In the span of a year, the Federal Reserve has turned, for stock markets, from a harbinger of doom to a beacon of hope.

Take, for instance, how markets plunged in reaction to the Fed meeting in November last year.

Yesterday, however, markets rallied after the Fed concluded its meeting. The S&P 500 advanced 1.05%, closing above the 4,200 level for the first time since Oct. 24. The Dow Jones Industrial Average gained 0.67% and the Nasdaq Composite climbed 1.64%, boosted by technology stocks like AMD and Nvidia, for its best day since Aug. 29.

Of course, the material facts between the two Fed meetings were markedly different. The Fed, as expected, left interest rates unchanged this time, compared with a 75-basis-point hike last year.

But the circumstances surrounding the Fed’s decision are different too. Recession fears gripped investors last year. Today, the Fed’s upgrading its assessment of the U.S. economy, stating that “economic activity expanded at a strong pace in the third quarter.” (By contrast, in its September statement, the Fed said the economy had expanded at a “solid pace.”)

And yet, amid that “strong pace” — a 4.9% annualized growth rate in the third quarter — are signs of moderating growth. Private payrolls increased less than expected while manufacturing activity in the U.S., according to data from the Institute for Supply Management, contracted more than forecast.

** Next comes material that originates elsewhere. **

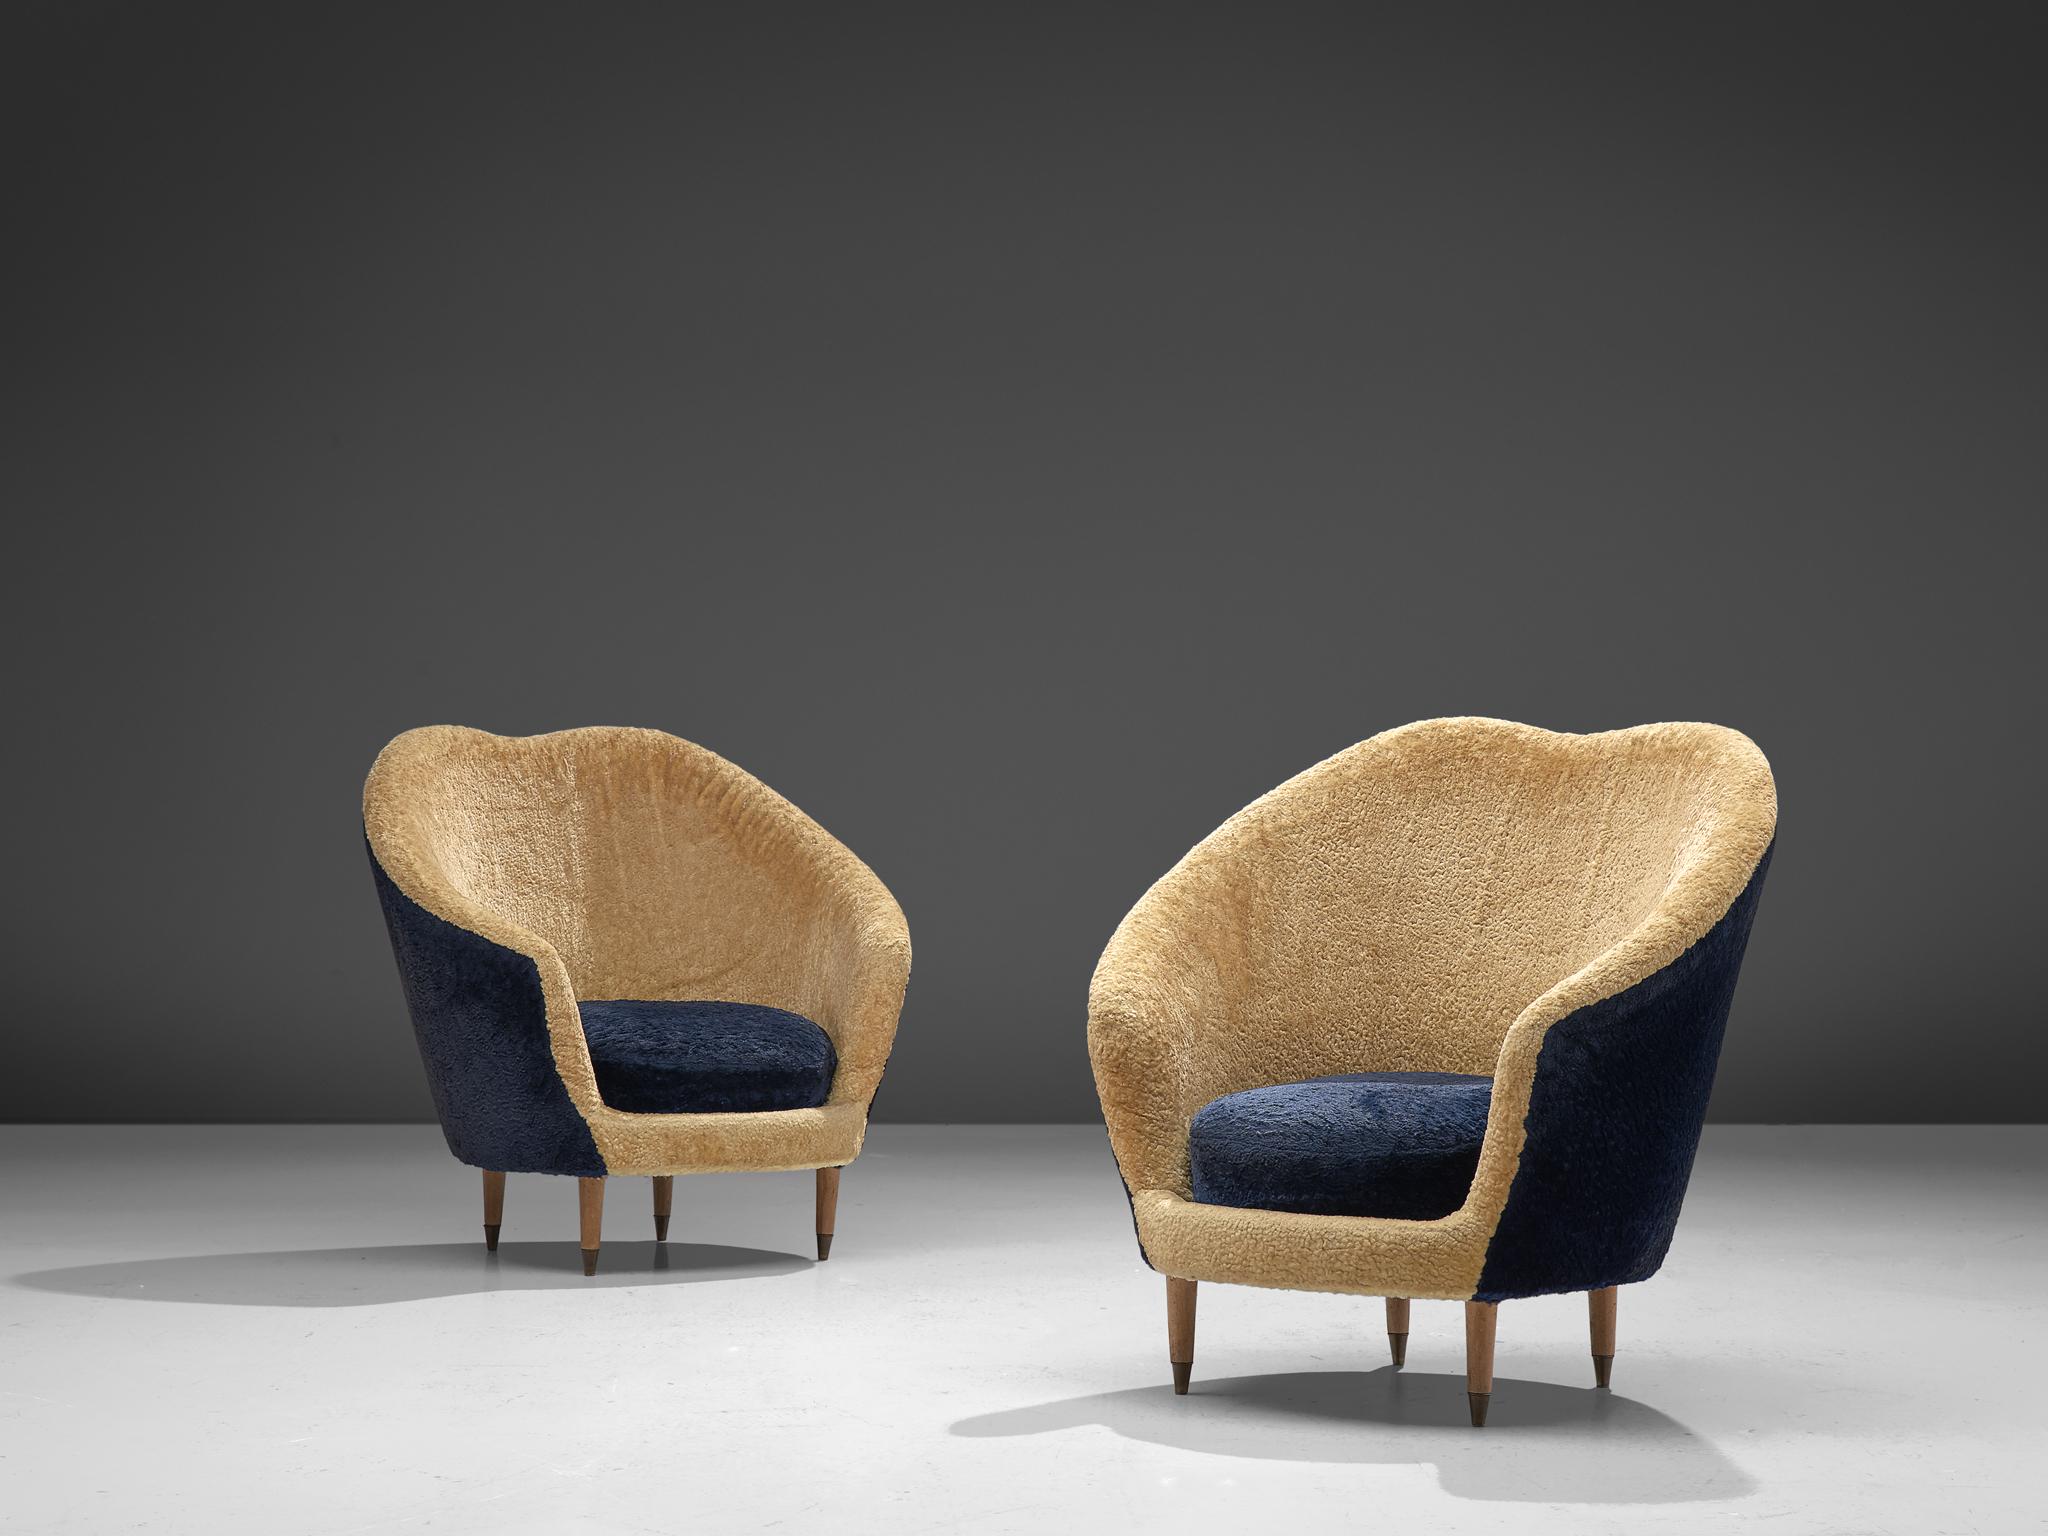 Federico Munari, pair of lounge chairs, velvet and brass, Italy, 1940s

This theatrical, elegant set of lounge chairs feature a curved, to ascended back that flows over to the armrests. The backrests are bold and high, which gives these chairs

Viewed with the 3.7% core inflation in September, it’s no surprise stocks rallied: Investors are hoping for the fabled soft landing of quashed inflation without a recession.

That’s not to say Powell dispensed with hawkish rhetoric completely. He still warned that inflation’s beyond the 2% mark the Fed is targeting; that the Fed is leaving its decision for December open; that rate cuts are not on the table at all.

But when viewed against the events a year ago, it’s undeniable much progress has been made on multiple fronts. Even as investors are absorbed in the day-to-day gyrations of the market, it’s a reminder that, in the long run, things do pick up.